Companies with excess cash often invest those funds in other businesses' stocks or bonds. They decide whether they want to hold those securities for many years or for a few months. "Available-for-sale securities" refer to stocks or bonds the company purchased with the intention of selling whenever it needed cash. This approach can provide the company a higher return on its investment and the flexibility of cash. At the end of each period, companies calculate the fair market value of these securities and record this adjustment as an unrealized gain or loss. The unrealized gain or loss affects the company’s accumulated other comprehensive income, a component of stockholders' equity.
1. Read the most recent balance sheet. Find the value of the available-for-sale securities from the assets section. This equals the book value of the securities.
2. Log onto a website where daily stock and bond prices are reported. Look up the available-for-sale security you own. Find the closing price for the last day of the period.
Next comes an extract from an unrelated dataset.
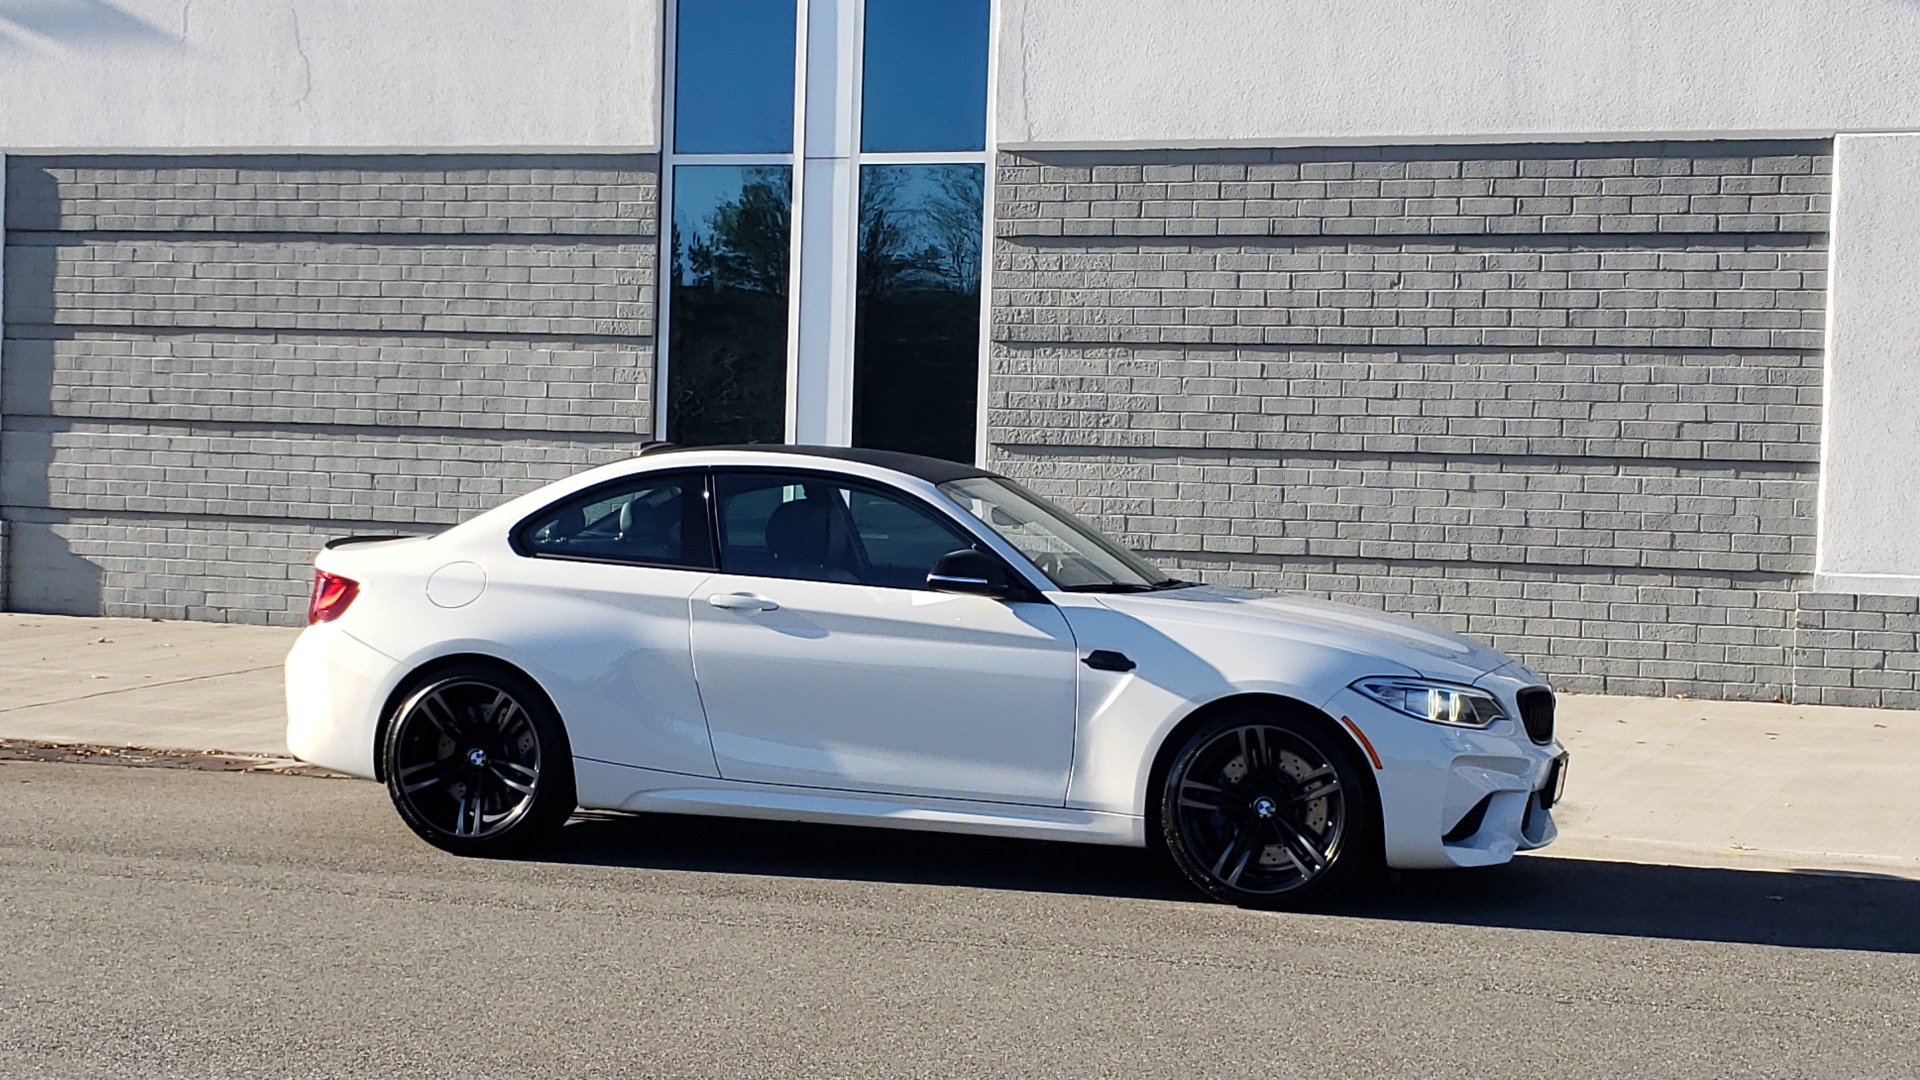 Used 2017 BMW M2 COUPE / MANUAL / EXEC PKG / NAV / WIFI / PDC / REARVIEW for sale Sold at Formula Imports in Charlotte NC 28227 8

3. Multiply the closing price by the number of shares in the securities you own. This equals the fair market value of those securities at the end of the period.
4. Subtract the book value of the securities from the fair market value, if the fair market value exceeds the book value. The difference is the gain in value.
5. Subtract the fair market value of the securities from the book value, if the book value exceeds the fair market value. This equals the loss in value.
- A company realizes a gain or loss when it sells the security. The value of the security changes whether or not the company sells the security. An "unrealized" gain or loss refers to a change in the value of the security not recognized through a sale. The company records the unrealized gain or loss to reflect the change in value. This change in value appears on the company’s income statement and balance sheet.